Крупная, могучая, как его талант, фигура артиста. Голос его немыслимый, полный богатейших оттенков, красивый, именно красивый. Движения, передававшие мучительную жизнь завистливо бьющегося сердца. Как это было можно так сыграть? Не понимаю. Никогда не был артистом, знал, что мне это не дано, — но тут я испытал зависть.

Артист Борис Чирков, молодой исполнитель роли Максима в революционной трилогии «Юность Максима», «Возвращение Максима» и «Выборгская сторона», написал статью «Пять минут театра».

Это было давным-давно, до войны еще. Но статья запомнилась.

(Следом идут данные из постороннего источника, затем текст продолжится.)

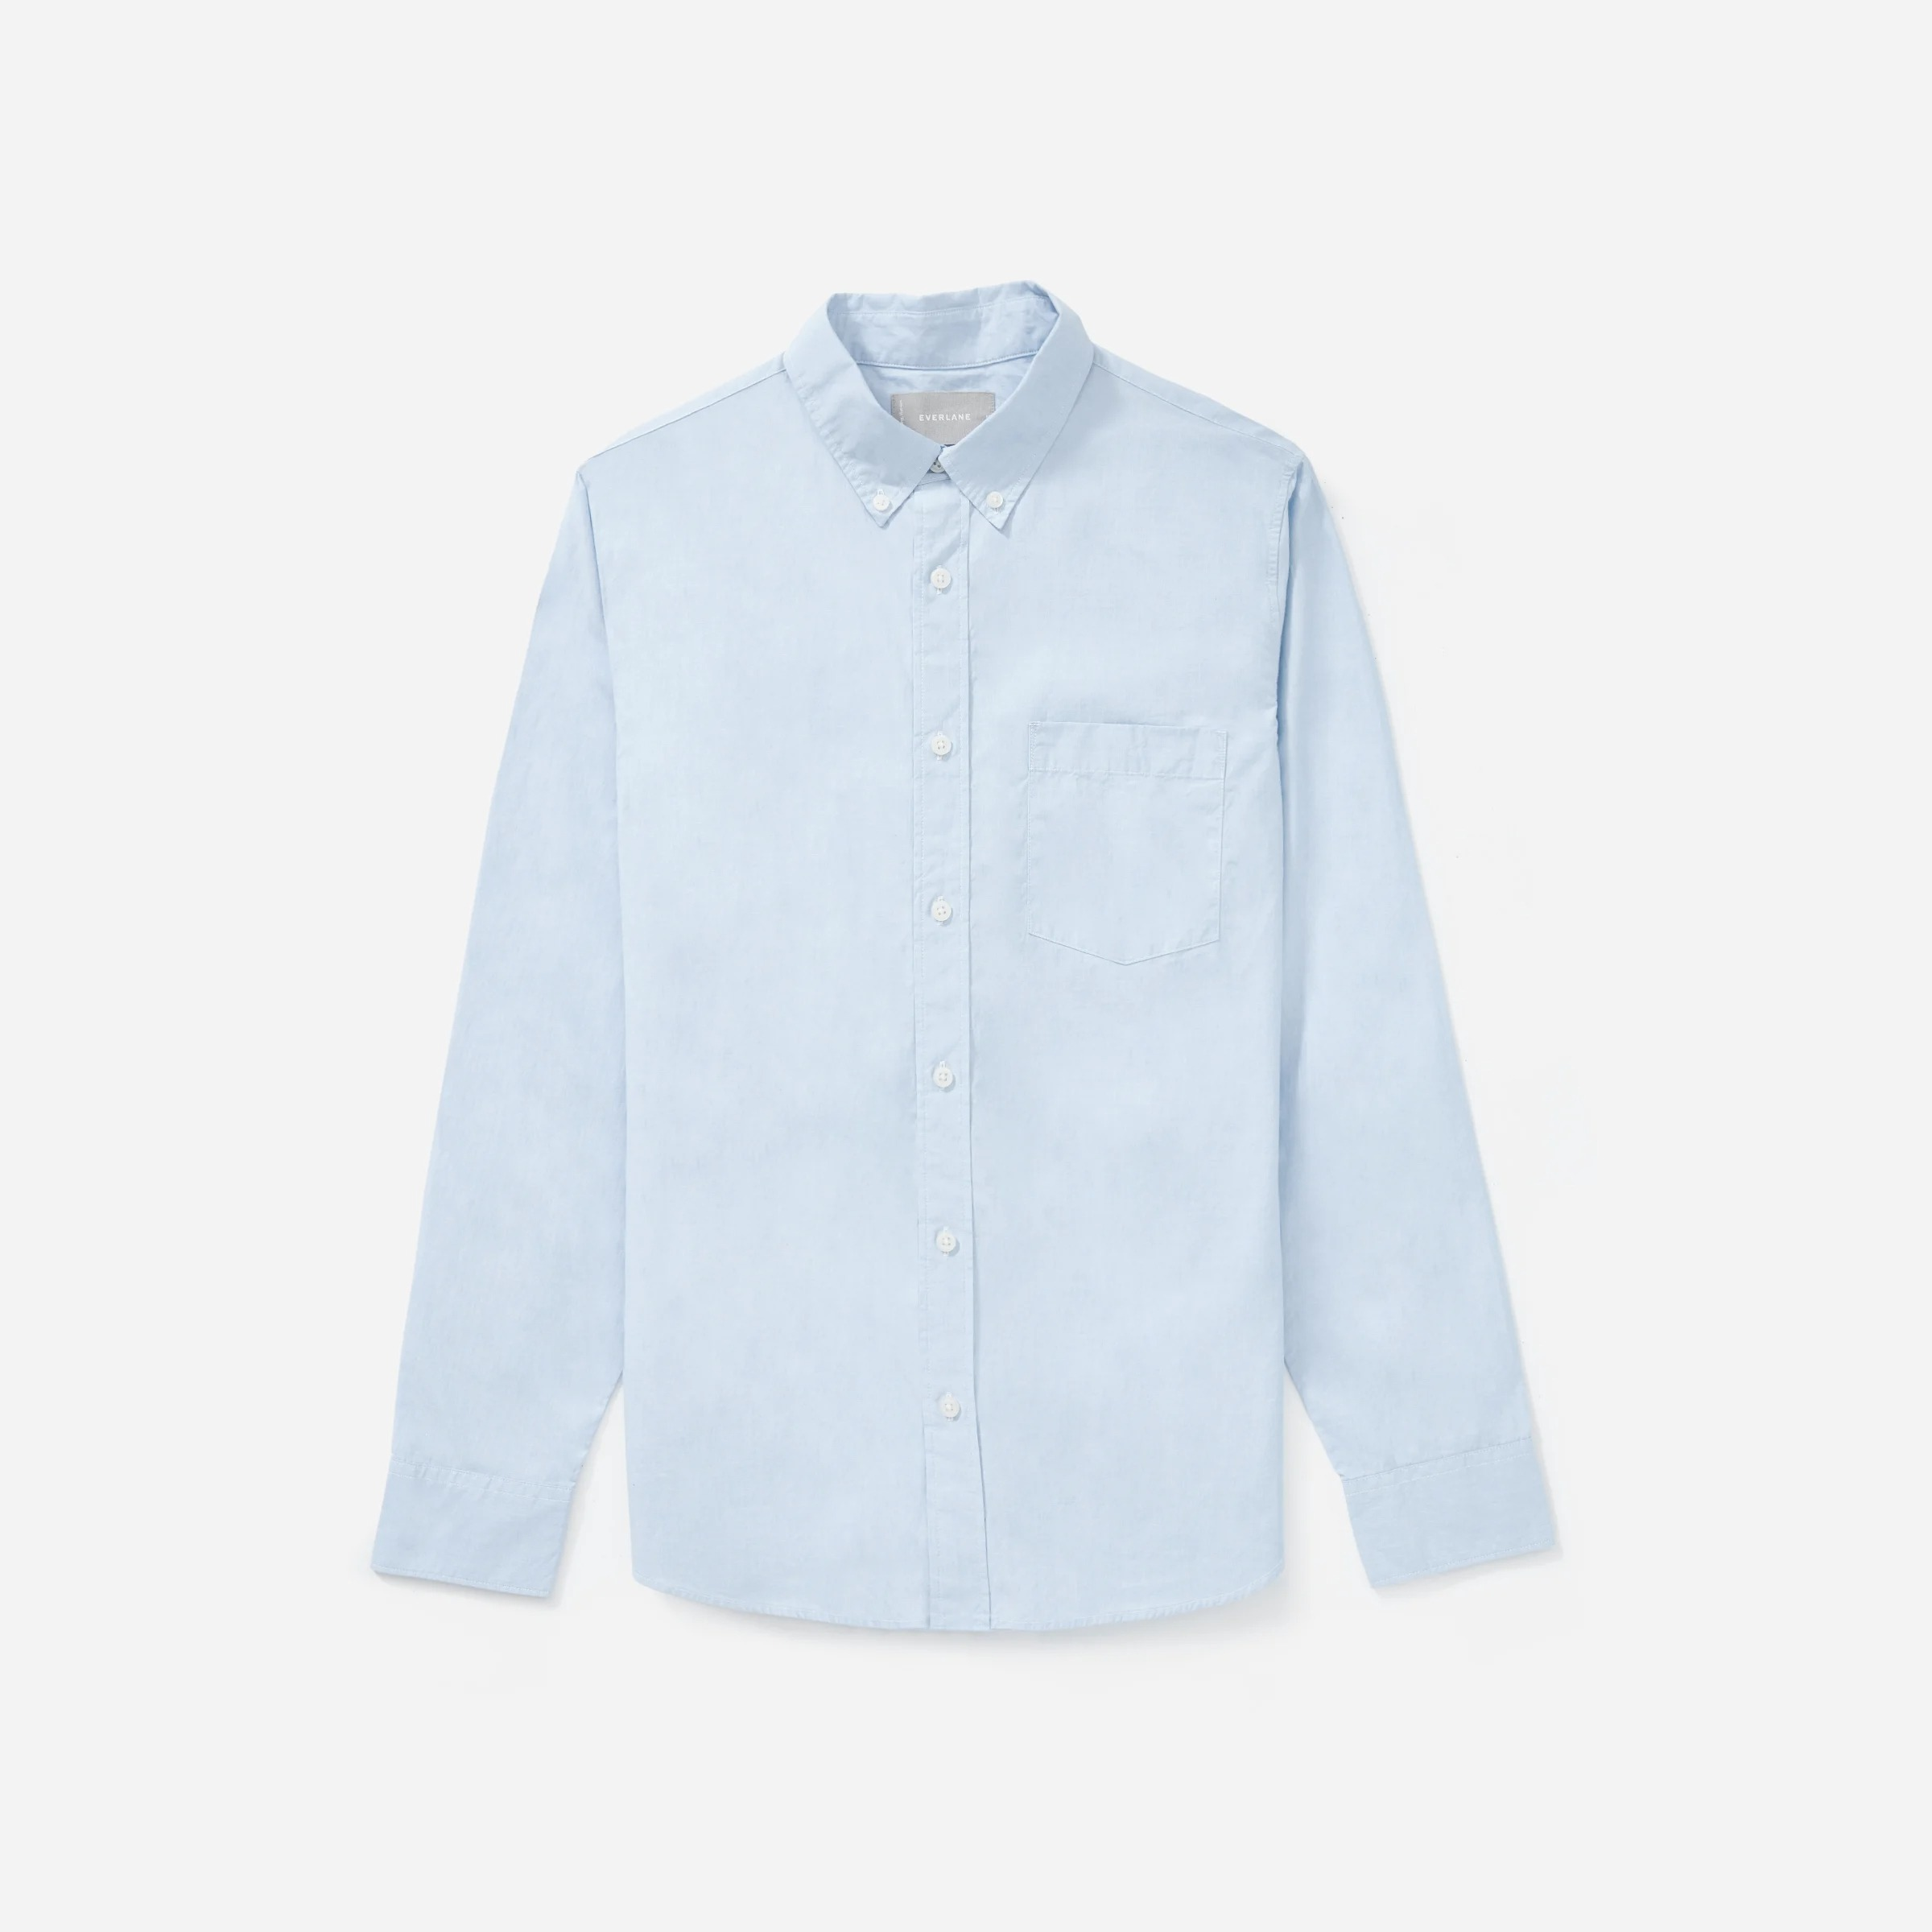 Everlane Oxford Shirts

Она была написана художнически и по-художнически взволнованно.

Я позавидовал этой статье. И ее названию. Но эту статью можно было бы назвать «Пять минут зависти».

А может, и — «Пять минут счастья»…

Художник обязан быть взволнованным, если он видит настоящее — в искусстве, в жизни.

Если он — художник.

Душа художника обязана отдаваться своему впечатлению, купаться в нем, и если это впечатление от прекрасного — прочь все остальное…

Чирковское впечатление было прекрасным от прекрасного, и он отдал ему свою душу.

«Пять минут театра» — об одной сцене в спектакле «Эрик XIV», привезенном МХАТ Вторым в Ленинград, на гастроли.

Сцену из пьесы Августа Стриндберга сыграл Михаил Чехов. Выход Эрика, о котором сам Чехов говорил: этот выход должен быть подобен выстрелу.

Мальчиком я тоже видел Михаила Чехова — в пьесе Г. Бергера «Потоп».

Жалким, нервным, ничтожным биржевым маклером, разорившимся дельцом, неудачливым, раздраженным на весь мир человечком. Загнала его невзначай в маленький американский бар жуткая жара.

Ливень, превратившийся в наводнение, наводнение, погасившее свет, выключившее телефон, отрезавшее бар от всего мира, бар, в котором беда случайно свела самых разных людей, в том числе — наглого адвоката, самоуверенного хозяина бара, артистку кабаре…

И — маклера Фрэзера, которого играл Чехов.

Свела — перед лицом смерти.

И тут происходит преображение.

Именно маклер Фрэзер, фигурка почти трагикомическая, становится центром человеческого и нравственного притяжения, потому что Фрэзеру приходит в голову идея, властно завладевшая его душой в эти предсмертные мгновения: убедить всех окружающих его людей попробовать стать людьми.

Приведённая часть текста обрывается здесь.